Although 25% might not look like “a lot” it basically makes HA really (really, really) slow in response.

So now the real questions:

  • How can I further diagnose what is going on?
  • Anyone else seeing this?
  • Although I disabled (actually removed most) add-ons, could it be an integration having this impact on Core?

Thanks for help, thoughts and inspiration.

Don’t look just at add-ons, disable custom integrations too.


Disabled a lot of stuff, but not there yet.

The interesting bit is that the high cpu sometimes is immediate after starting, mostly it is around 20 minute mark, but this time it was almost one hour.

Hard to troubleshoot this too be honest, as when this happens there is no way I can get to logs anymore.

ok, for those interested, finally was able to upgrade to 2024.9.1 and now run for half a day without issues.

Eventually I don’t think that I can pin-point one source, but for sure none of the integrations, add-on’s or HACS (and through HACS installed components) were the issue.

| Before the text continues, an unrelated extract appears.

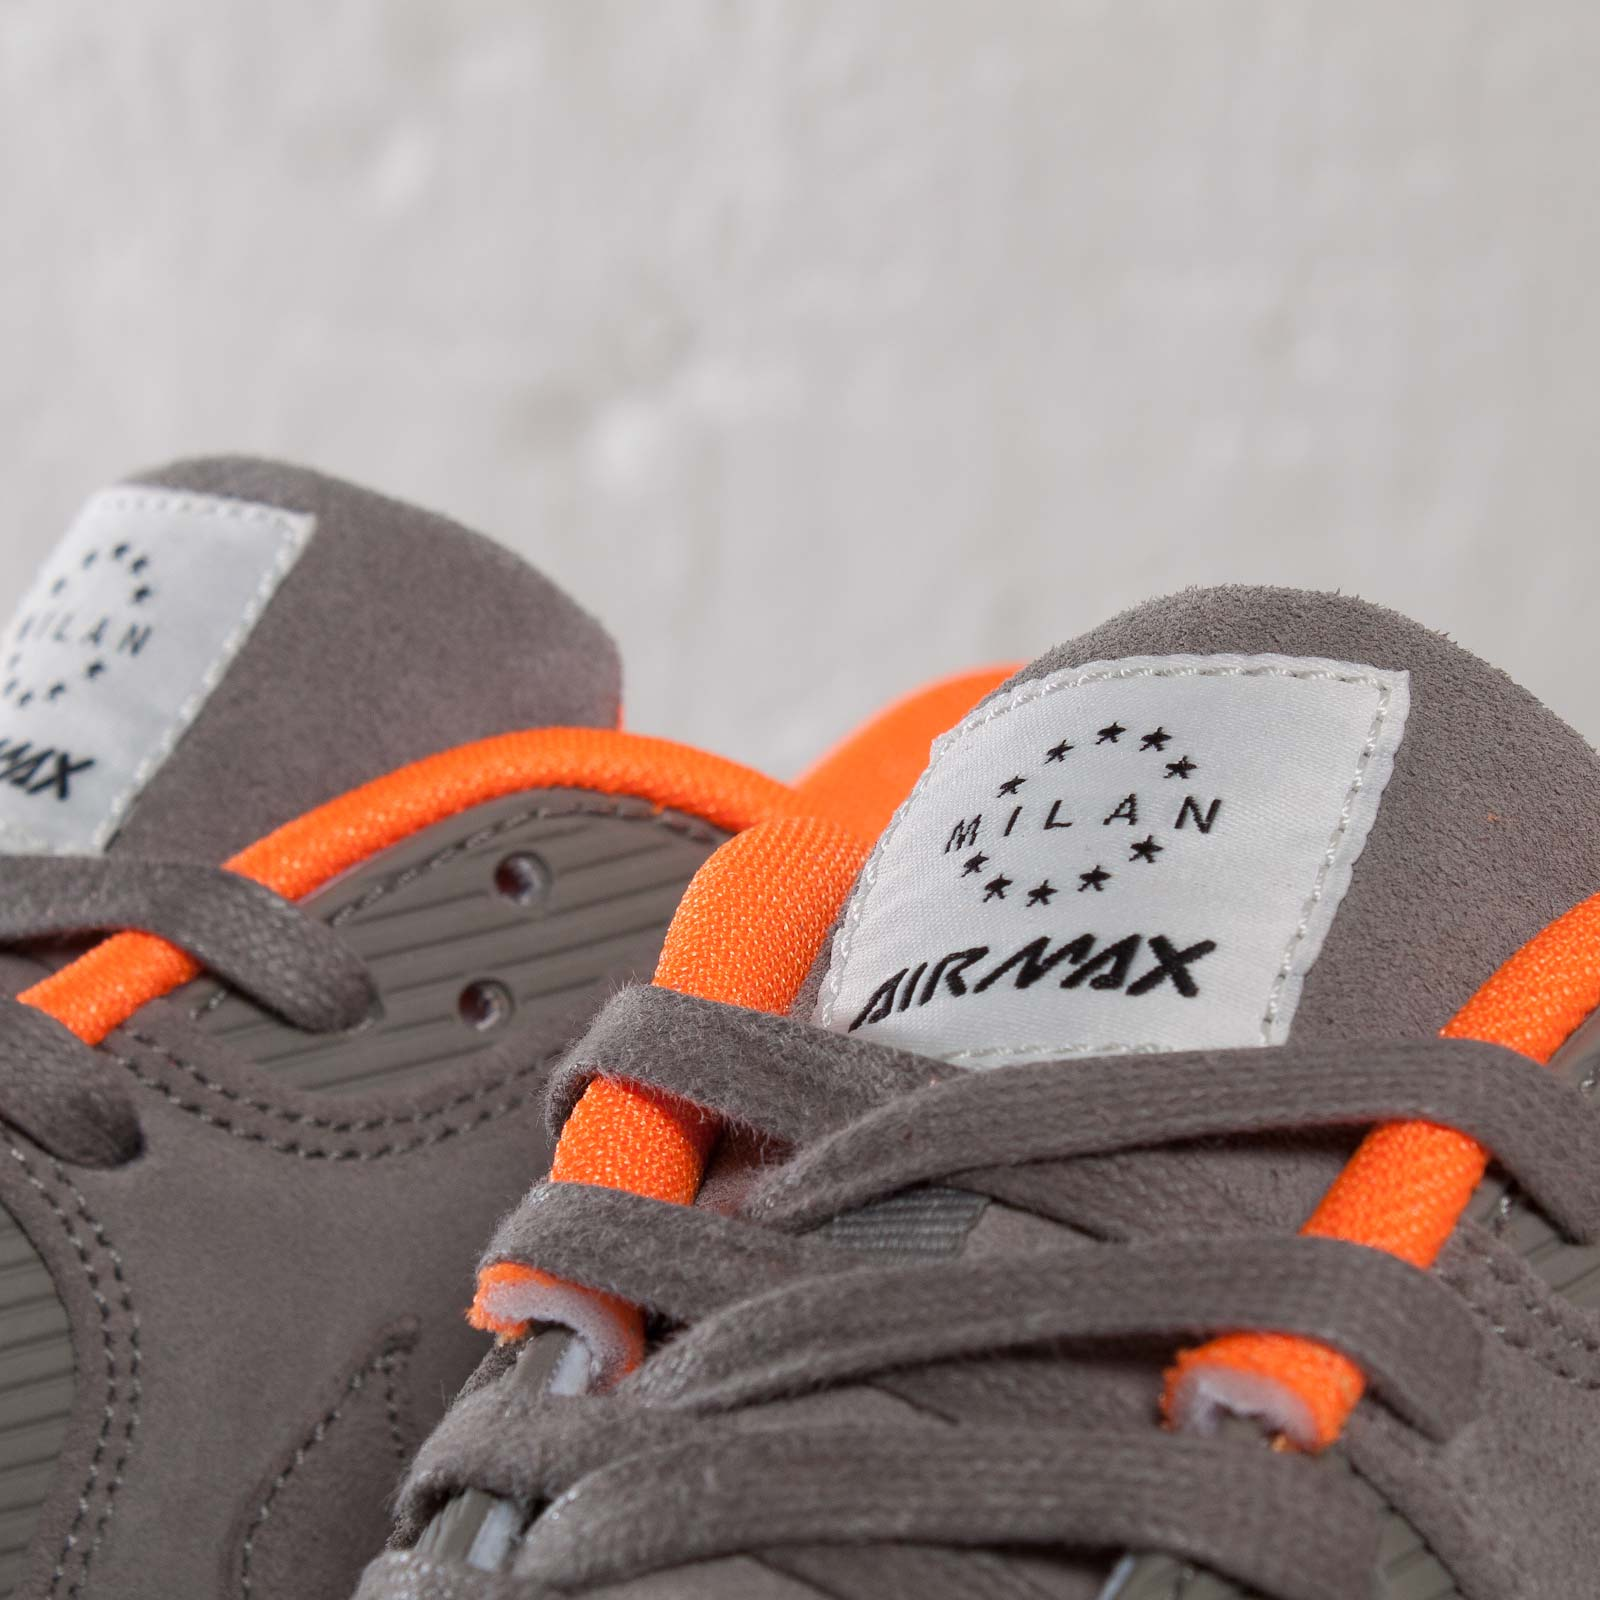 Nike Air Max 90 Milano QS 586848 221 Sneakersnstuff I

I removed several “yaml” based integrations in my dev system and that eventually stabilized the installation.
replicated this on prod, removed a BUNCH of other integrations that I basically did not use and upgraded successful.

The only thing that is still left (had that with the old(er) releases also already) is a slow memory leak.

So that probably will be a different topic at some point.

Regarding the increased memory usage, apparently has to do with Proxmox.

So will ignore it for now and see how it affects stability.